- _Required action_:
In the records below, the lines between the one holding "Katholische Rosenkranz-Halskette aus" and the one holding "Die Details zu dieser schönen", inclusive, are to be transcribed exactly; no pictures are to be included.

- _Information provided_:
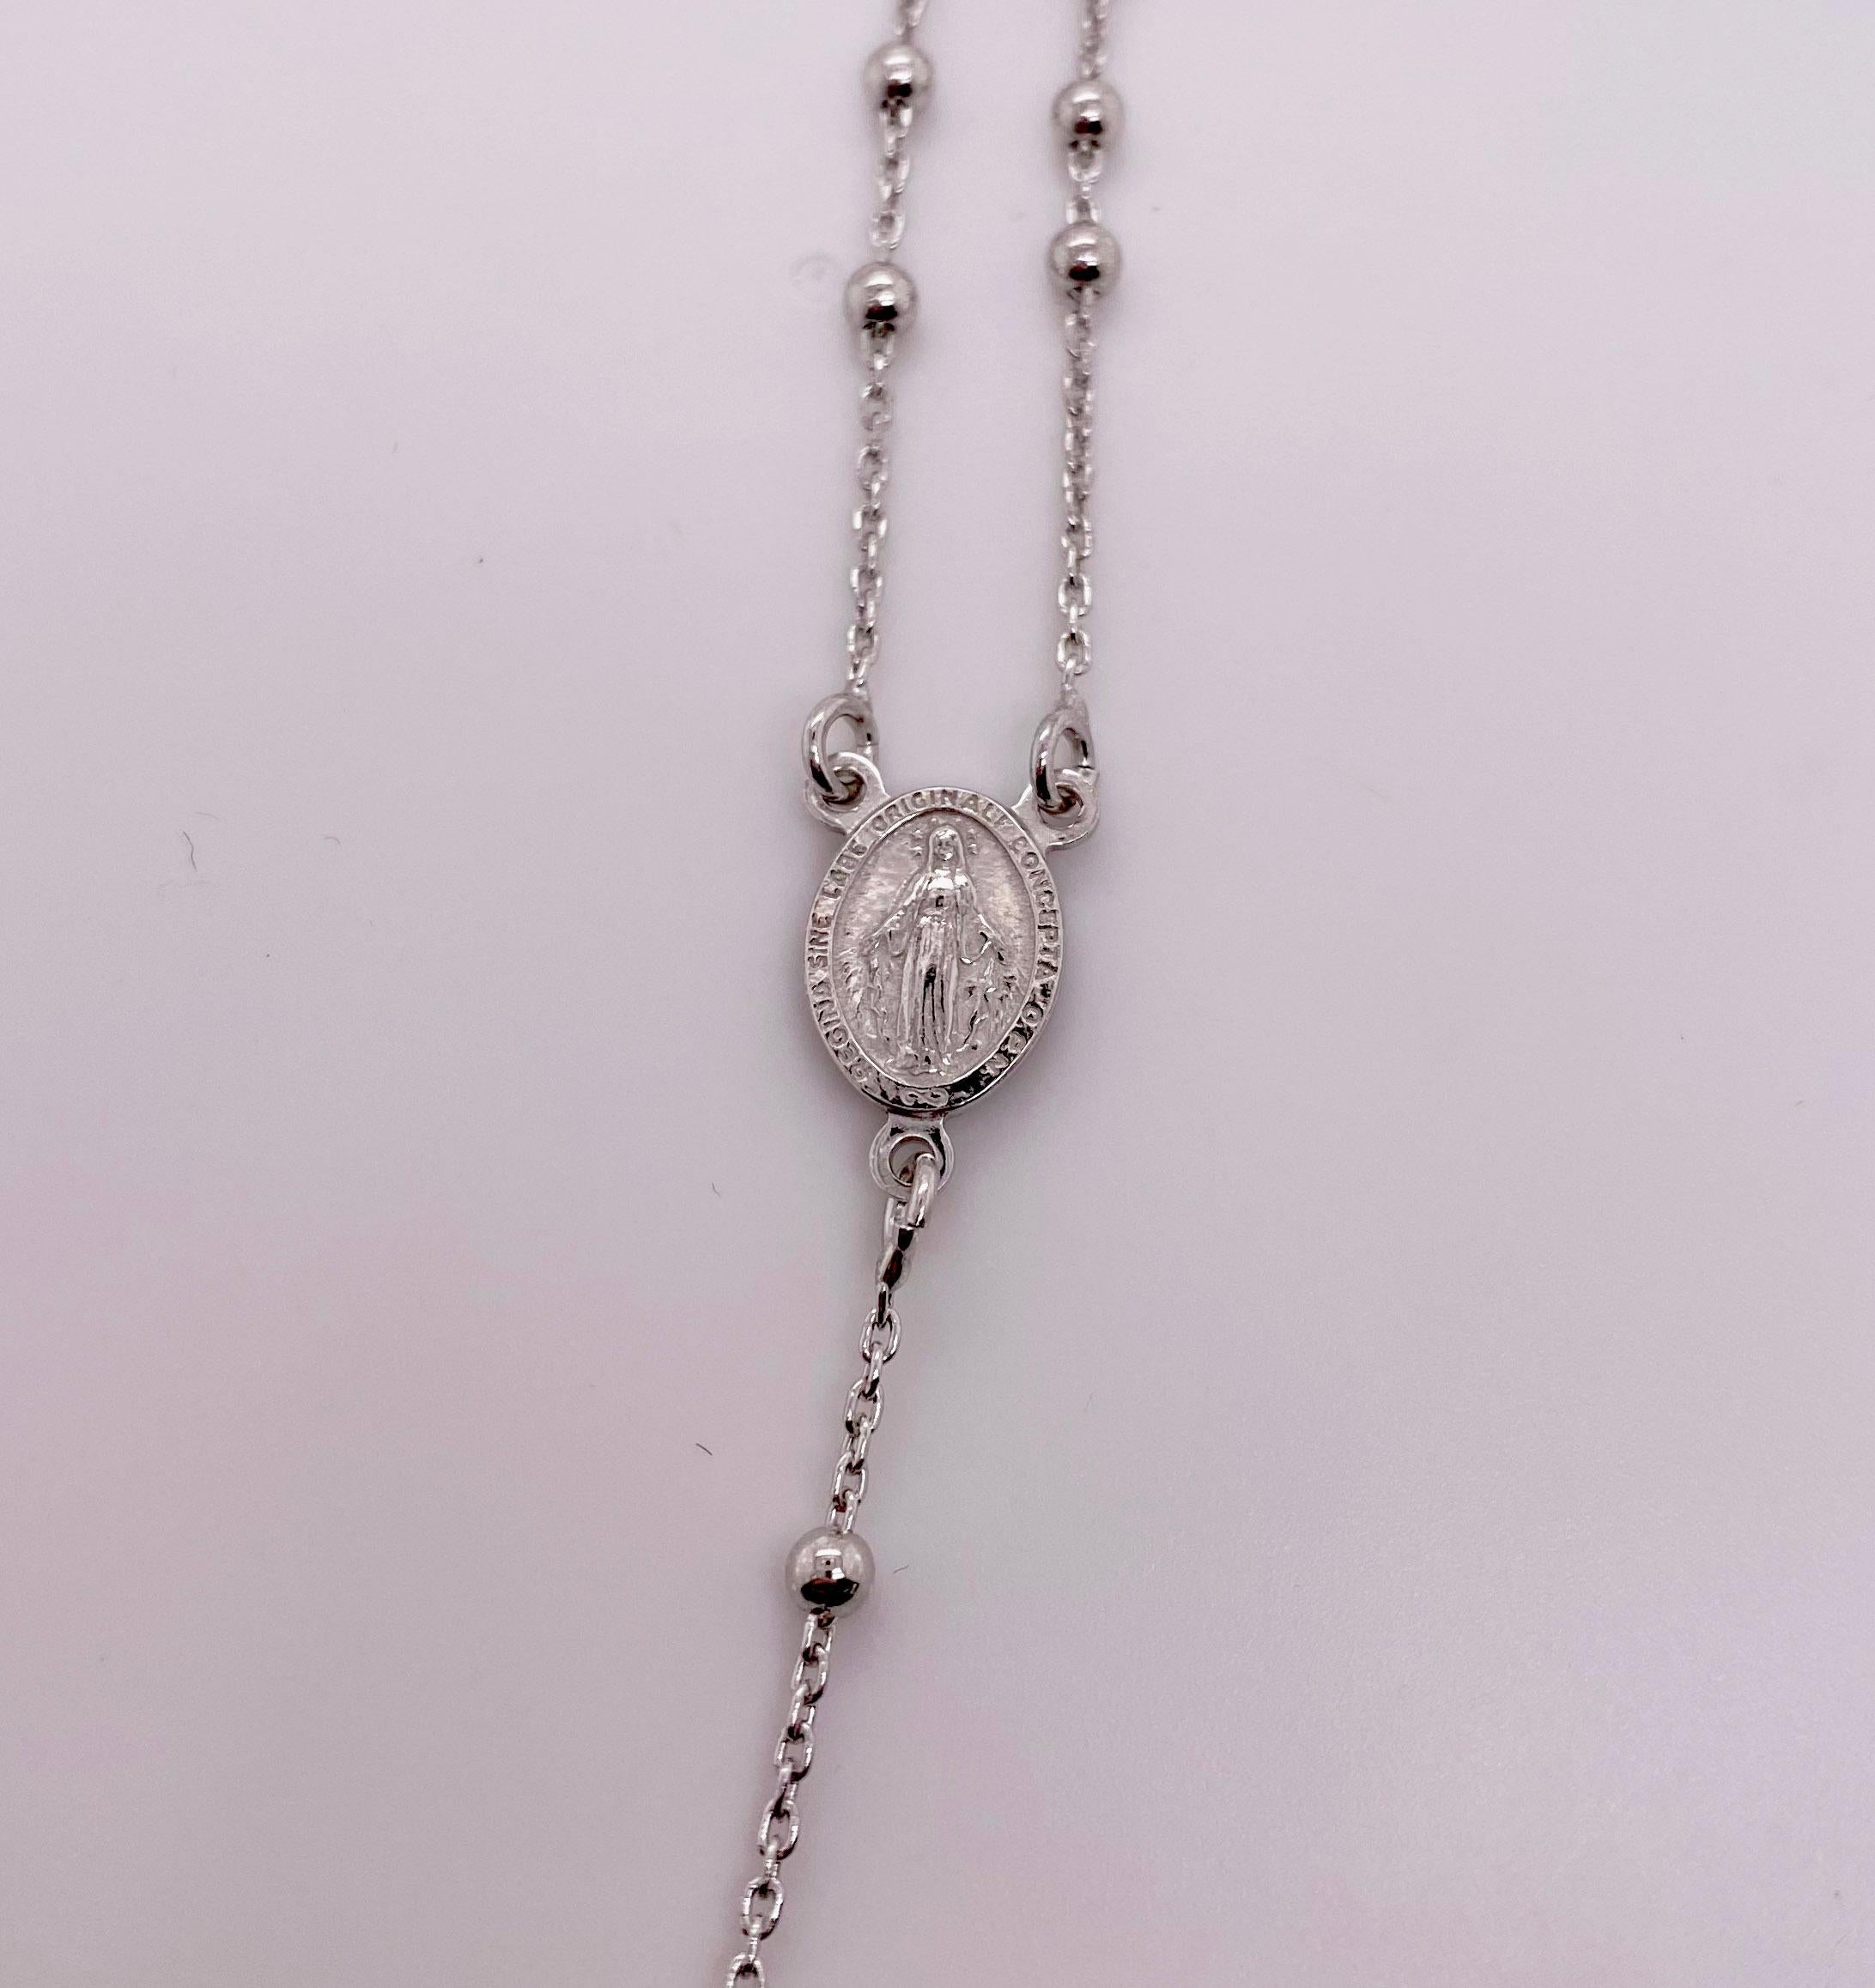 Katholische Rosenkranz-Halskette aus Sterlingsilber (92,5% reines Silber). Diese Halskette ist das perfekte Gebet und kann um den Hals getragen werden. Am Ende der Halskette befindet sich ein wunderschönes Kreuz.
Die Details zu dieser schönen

==

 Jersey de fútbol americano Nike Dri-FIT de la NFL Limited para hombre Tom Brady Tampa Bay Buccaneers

- _Output for this exercise_:
 Katholische Rosenkranz-Halskette aus Sterlingsilber (92,5% reines Silber). Diese Halskette ist das perfekte Gebet und kann um den Hals getragen werden. Am Ende der Halskette befindet sich ein wunderschönes Kreuz.
Die Details zu dieser schönen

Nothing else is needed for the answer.